The son will be a shining future for society. He is a warrior and has the duty to protect his own people. The warrior figure in the Oghuz Turk society is essential for the community's survival, the continuation of lineage, and for a prosperous, vibrant, and secure life. Not having a son is also a tarnishing of one's reputation. In Oghuz society, gaining a reputation requires a man to prove his strength under difficult conditions.

- Red Tent (Qırmızı Otaq in Azerbaijani Turkish) - or Qırmızı Otaq is the yurt where parents with daughters sit. In the Oghuz society, having daughters symbolizes productivity and abundance. Despite possessing qualities such as being educators, shaping society in terms of education and social aspects, and serving as the cultivators of the next generation, daughters are also in a vulnerable position to external threats.
- Black Tent (Qara Otaq in Azerbaijani Turkish) - is the yurt, where parents without children are guests, signifies poverty and deprivation. Childlessness is indicative of a futureless, finite, and constrained existence. In this context, the black color represents death. While the white tent ensures the continuation of both lineage and reputation, and the red tent secures the continuation of the lineage, it does not guarantee the perpetuation of reputation. On the other hand, the black tent represents the end of both, reputation and lineage.
- Khizir - in stories, heroes solve some obstacles with their intellects, while they overcome others with their physical strength. When heroes face difficulties, are unable to resolve their problems, and do not know how to overcome the obstacles and challenges they encounter, in short, when they succumb to helplessness and despair, there is always a wise figure, a shaman, a Khizr, coming to their aid. In shamanism and Alevism in Anatolia, it is often encountered with the name Khizr, and it can be said that the "spirit of nature" or that humans are created "from their own light" is present in these beliefs.

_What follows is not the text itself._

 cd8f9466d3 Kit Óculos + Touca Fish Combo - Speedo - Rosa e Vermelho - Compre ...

- Shadow (Kölgə in Azerbaijani Turkish) - It manifests itself as the hidden aspect of oneself lying in the depths of the psyche, often exposed to change and initiation. "The shadow is the opposing force that allows the hero to progress and become more competent in the process of individuation". Appearing as forty treacherous individuals in the form of shadow archetypes, in reality, it symbolizes the cunning sentiment Dirsə Khan feels towards his son, who is perceived as a threat. This sentiment is represented by resorting to deceit, speaking falsehoods, and ultimately ordering the killing of his son to protect his own interests. By avoiding questioning and easily sacrificing the son, whom he obtained as a gift through sacrificing animals and praying, Dirsə Khan, who has shielded himself from this sentiment, demonstrates his weakness. Here, the shadow prevails over the light, and Dirsə Khan, who is considered an "alp type," succumbs to his weakness.

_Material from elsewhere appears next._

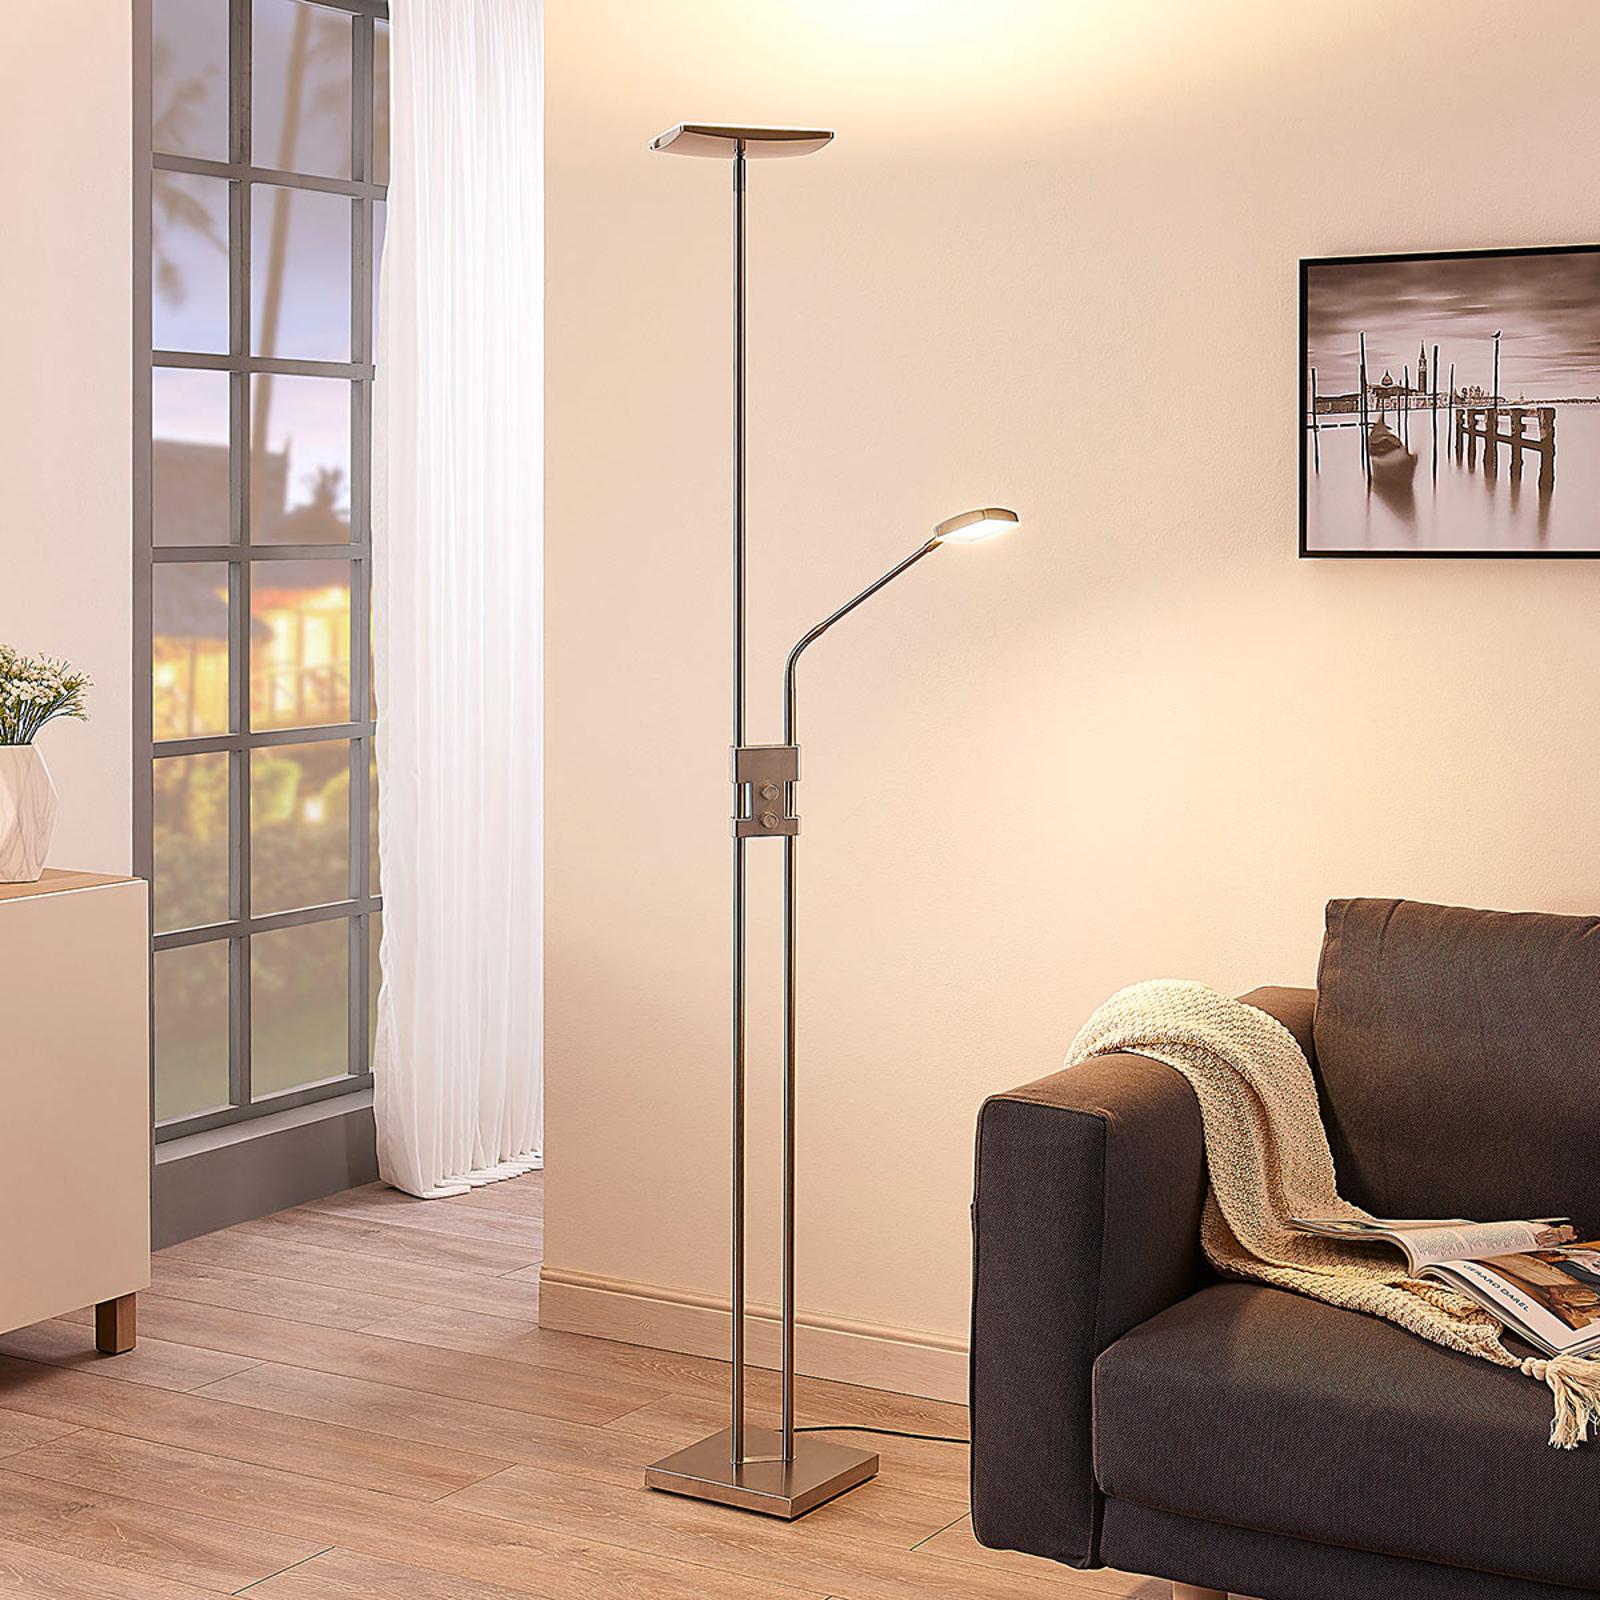 Kantig LED-uplight golvlampa Jonne, läsarm, dimbar

- The Mother's Milk" (Ana Südü in Azerbaijani Turkish) and "Mountain Flower" (Dağ çiçəyi in Azerbaijani Turkish) archetypes belong to the primary ethnic-mental archetypes in Azerbaijani Turks archaic thought. In terms of mythological semantics, "The Mother's Milk" not only represents motherhood but also serves as an archetype for the associated maternal cult. On the other hand, "Mountain Flower" is a symbolic representation of the general nature cult, specifically encompassing mountain and plant cults within the context of the narrative.